Wednesday, January 24, 2007

Caged Desire: Guard-inmate relationships flourish in prisons, jails, now halfway houses

Illicit sexual relations between inmates and guards "made up 38 percent of all sexual offenses reported in 2005" at Texas correctional facilities, according to KVUE-TV news. Most recently, reported KVUE:

At least six employees of the Way Back House, including a program director and one other top manager, have been involved in improper relationships with offenders since 2000, according to Texas Department of Criminal Justice reports.

Two of the staffers married the residents they supervised at the facility. Other employees ended up living with former Way Back House residents.

All six have been fired for the improper relationships. But none of the employees – all but one of whom are women – have been prosecuted, according to county records. Two additional Way Back House employees faced similar allegations and were later fired. State reports did not include details about those cases.

Texas law prohibits correctional staff or contract employees from having romantic and sexual liaisons with offenders in custody or under supervision. The charge of improper sexual activity with a person under supervision is a state jail felony punishable by up to two years in prison and a fine of up to $10,000.

Criminal justice experts say the intimate relationships erode discipline and morale in correctional facilities and can pose a security threat. In Tennessee, improper relationships between staff and inmates led to two escapes in 2004, one of which ended with the death of a guard.

The Way Back House's former program director, Lisa Bertelsen, is the highest-ranking employee to become ensnared in an investigation about a relationship with a resident at the small facility off Stemmons Freeway near downtown Dallas.

The Way Back House occupies an area of Dallas County's Decker overflow jail that was once the cabana of a posh hotel that hosted the Beatles during their 1964 tour. Dallas County has leased the building to the nonprofit since 1997. It is one of seven halfway houses that contract with the state to house prison parolees. The Way Back House's contract, awarded in 1996, is worth almost $2 million a year.

The illegal relationships are part of a nationwide problem in prisons and jails that the federal government began tracking in 2004 as part of the Prison Rape Elimination Act of 2003.

The unions are termed staff sexual misconduct and can be romantic in nature. But under the law, inmates can't consent because of the inherent power that correctional staff have over them – to punish or reward.

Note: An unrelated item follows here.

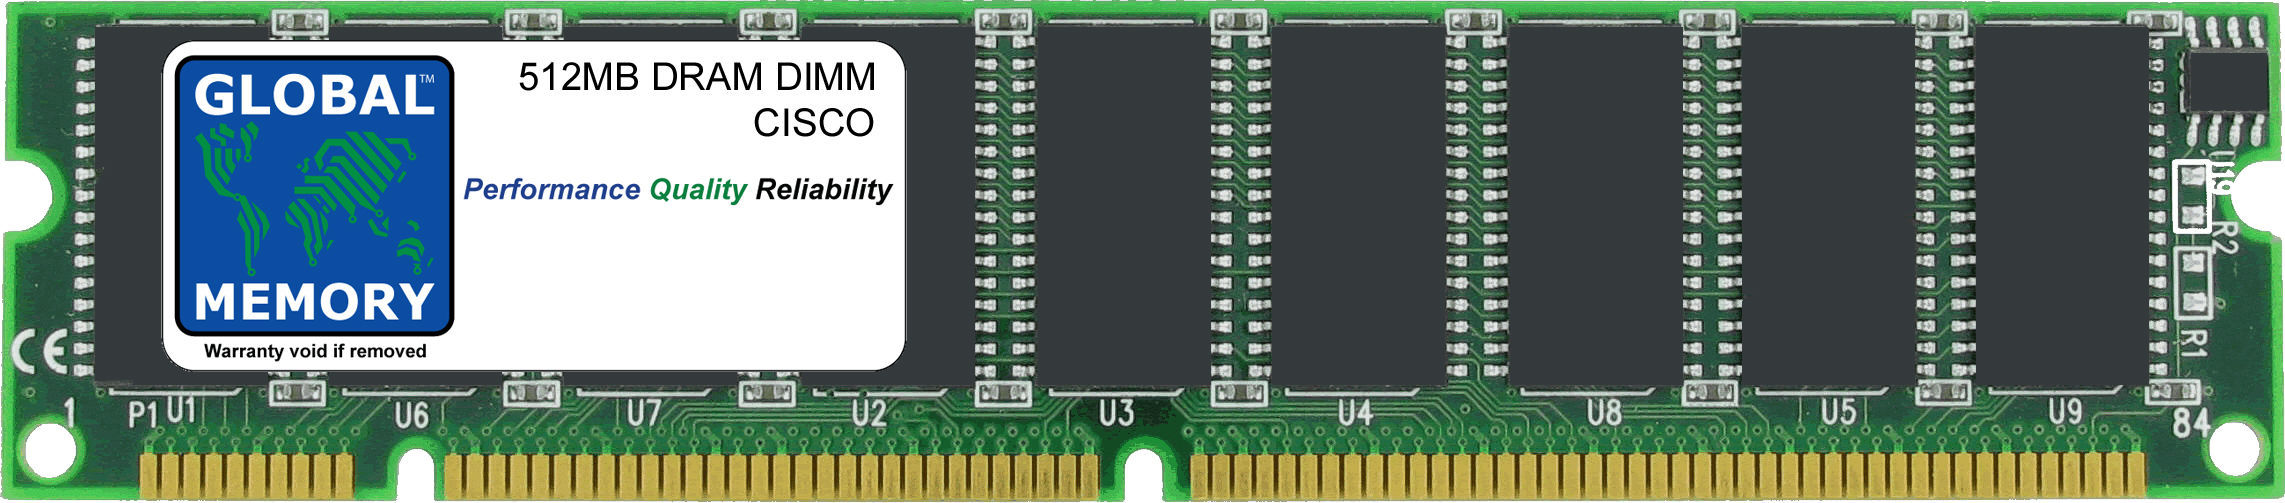 512MB DRAM DIMM MEMORY RAM FOR CISCO MEDIA CONVERGENCE SERVER MCS 7815-1000 / MCS 7825-1133 / MCS 7835-1266 (MEM-7815-1000-512) - Click Image to Close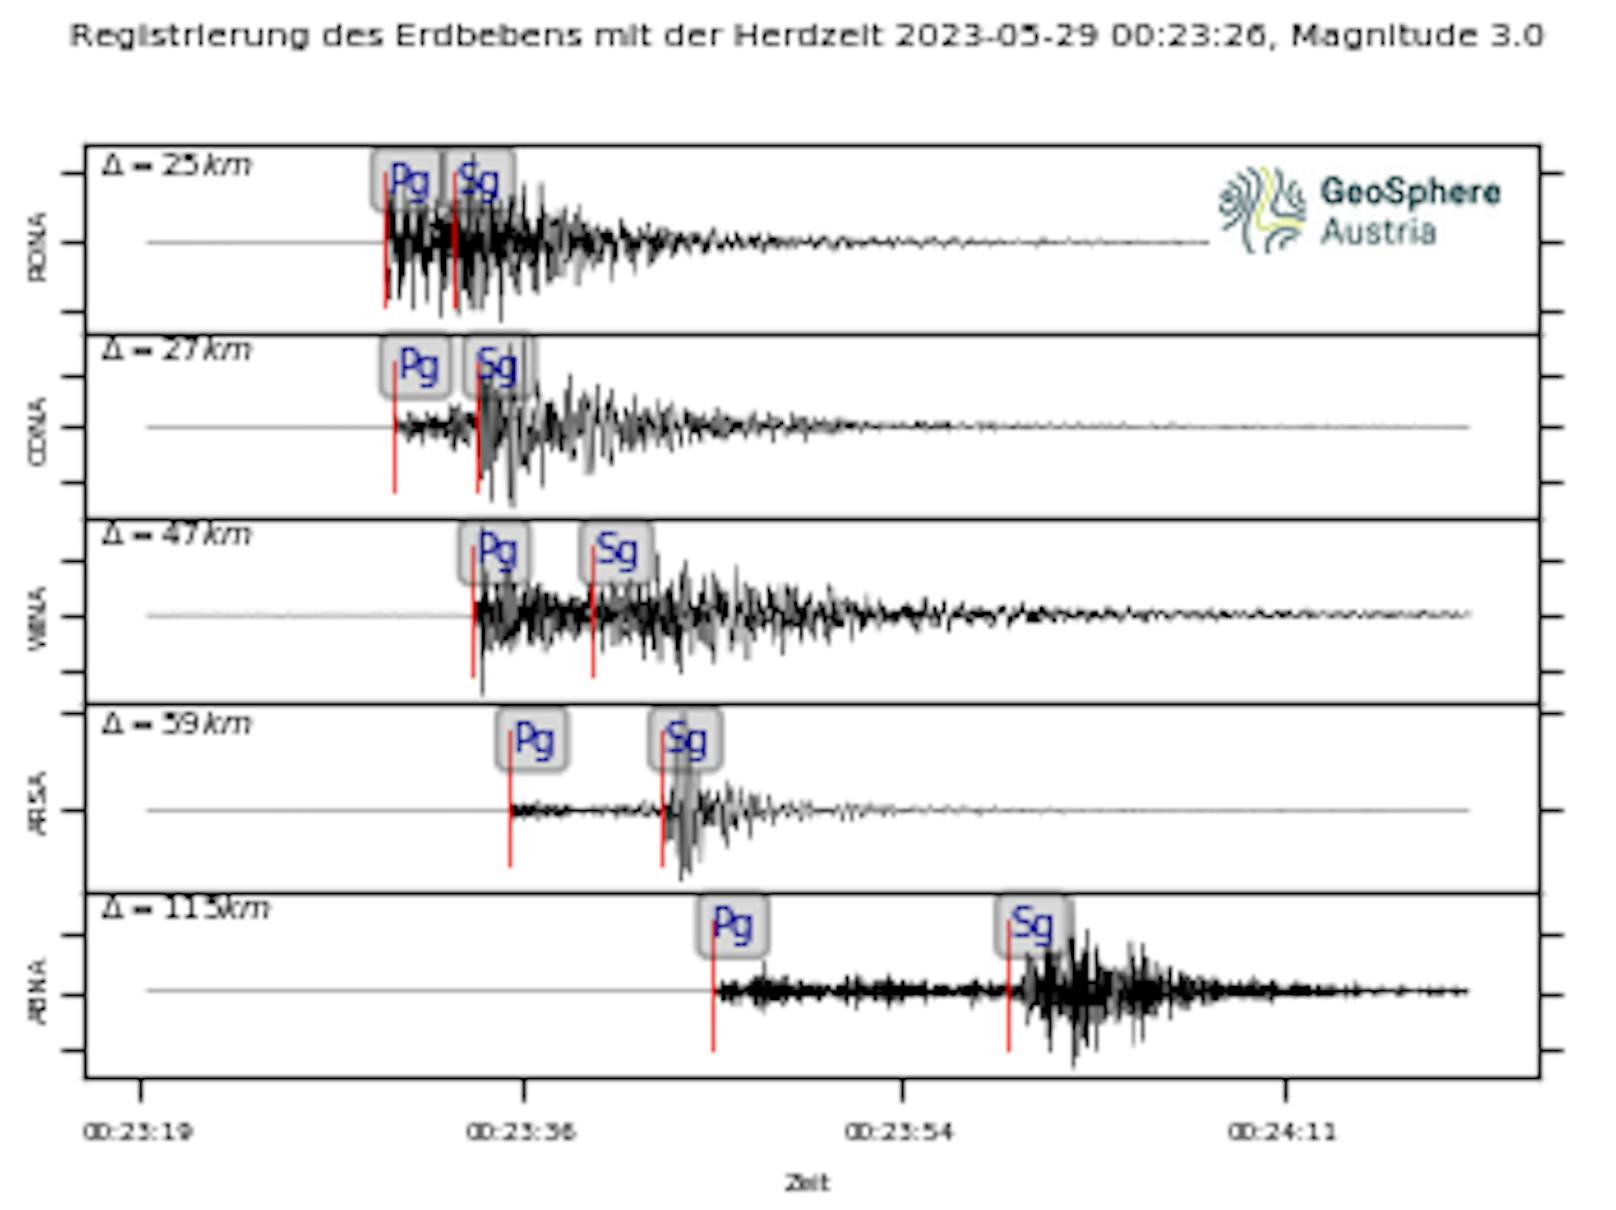 Am Montag, den 29. Mai 2023, ereignete sich nachts um 02:23 Uhr in Niederösterreich im Raum Gloggnitz ein Erdbeben der Magnitude 3.

The illicit relationships made up 38 percent of all sexual offenses reported in 2005 by the nation's prisons, jails and other correctional facilities. In prisons, female staffers were involved in about two-thirds of the cases, according to a 2006 Bureau of Justice Statistics report. In jails, male staffers were more likely to be the offenders.

These allegations come at a time when legislators are proposing expanding halfway houses, so this development could create a politically sticky wicket in that regard. Such relations between jailers and offenders create big security problems - it's a lot easier for an inmate to convince their lover to assist them in other illegal activities than a guard with no emtional attachment. If nothing else, guards can then be blackmailed because the fact of having had a sexual relation with an inmate means they themselves have committed a crime.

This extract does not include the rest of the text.